# NRA Reveals Who's to Blame for Ammo Shortage: You



## Cait43 (Apr 4, 2013)

The NRA blames firearm owners as the cause..... While to some degree that true, however the NRA needs to share in the blame... The article points out the following:
*The NRA doesn't exactly bring clean hands to this debate, of course. The association's incessant drumbeat of panic-talk about President Barack Obama wanting to "come and take your guns" was arguably the firing pin that ignited the wave of panic-buying in 2007-2008.*
The NRA Reveals Who's to Blame for Ammo Shortage: You


----------



## AdamSmith (Dec 18, 2013)

Exactly, it's just pre-apocalyptic hoarding.

Even so, it never hurts to have a good ammo supply on hand.

You just never know when there is going to be another Civil War.

Or, what if China really does invade the West Coast?

Or, Mexico invade from the South?

Better to be prepared.


----------



## desertman (Aug 29, 2013)

> "The NRA doesn't exactly bring clean hands to this debate, of course. The association's incessant drumbeat of panic-talk about President Barack Obama wanting to "come and take your guns" was arguably the firing pin that ignited the wave of panic-buying in 2007-2008."


How quickly we forget the media's incessant drumbeat for gun control legislation, the demonization of legitimate gun ownership and of course Feinstein's proposal to ban assault weapons and high capacity magazines and God knows what else, after Sandy Hook. I swear to God I thought that was it. They were absolutely relentless in their quest, CNN in particular and that "Slimy Limey" Pierce Morgan. It was after that when panic set in and ammunition started to get scarce and guns were being sold in record numbers. There's no doubt in my mind that if given the chance Obama and his cohorts in the Democratic Party would indeed push for legislation that would eventually lead to the confiscation of all privately owned firearms in the United States. One only needs to look at the legislation that was passed in New York, Connecticut and Maryland where the most draconian laws were passed. Cuomo (Ill Duce) even stated that confiscation was on the table. Folks, these people are serious, mark my words confiscation is their goal, they have no where else to go. I say good for the NRA, if they succeeded in scaring the crap out of people, increased their membership and motivated enough people to get off their dead asses and do something. We won that battle at the federal level for the time being, but the war still goes on.


----------



## Glock Doctor (Mar 14, 2011)

The NRA is, as usual, full of crap; and that absurd statistical analysis the article's author puts forth, as well as the specious reasoning behind it, are all intellectual nonsense. I was an NRA member back in 1977. I learned, beyond any shadow of doubt, not to trust the NRA leadership then (and that includes the much overhyped Harlon Carter), and nothing that's happened in the succeeding 37 years has caused me to change my mind. Be it a corporation or an entire country the very best way to defeat any group enterprise is always from within.

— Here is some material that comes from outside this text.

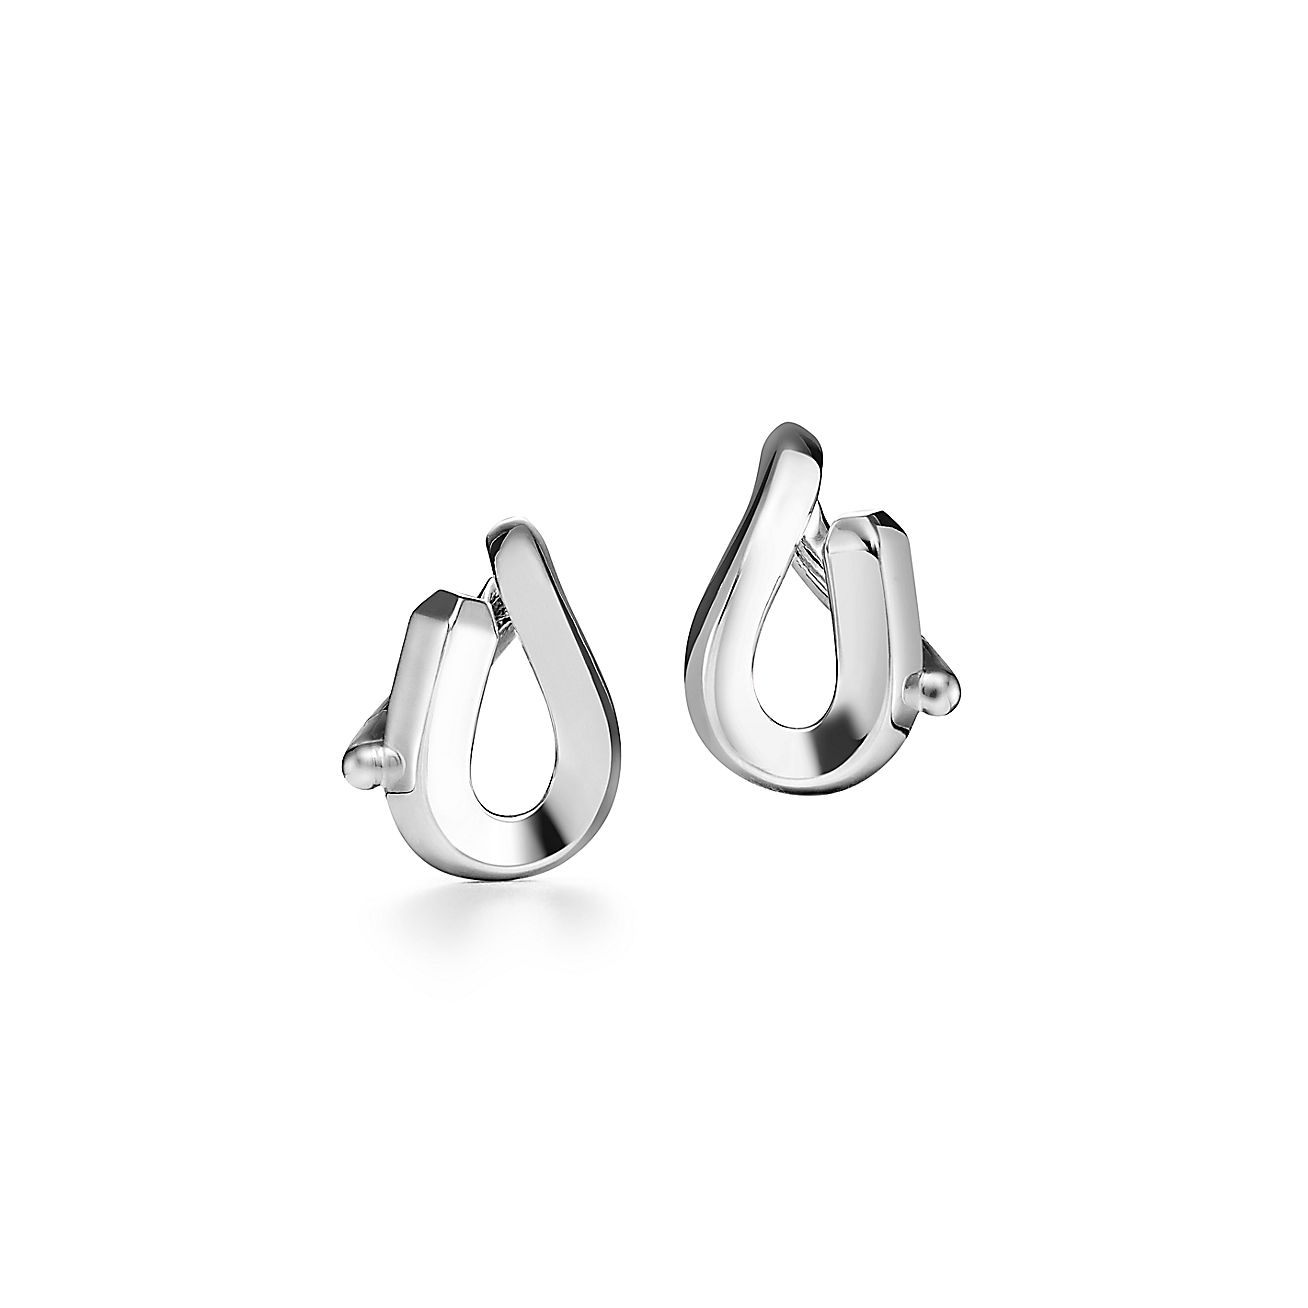 Tiffany Forge Single-link Earrings in High- polished Sterling Silver |  Tiffany &

I have exactly one good use for the National Rifle Association: Although severely handicapped by the remote and outrageously costly Whittington Center, the NRA is still a good organization from which to learn how to handle firearms; BUT, you can mostly thank the general membership for that!

*CONTRIBUTING REASONS FOR THE ONGOING AMMUNITION SHORTAGE:*​
*What are the most commonly given reasons for today's shortages of civilian ammunition? *

1. Increased military purchases and consumption.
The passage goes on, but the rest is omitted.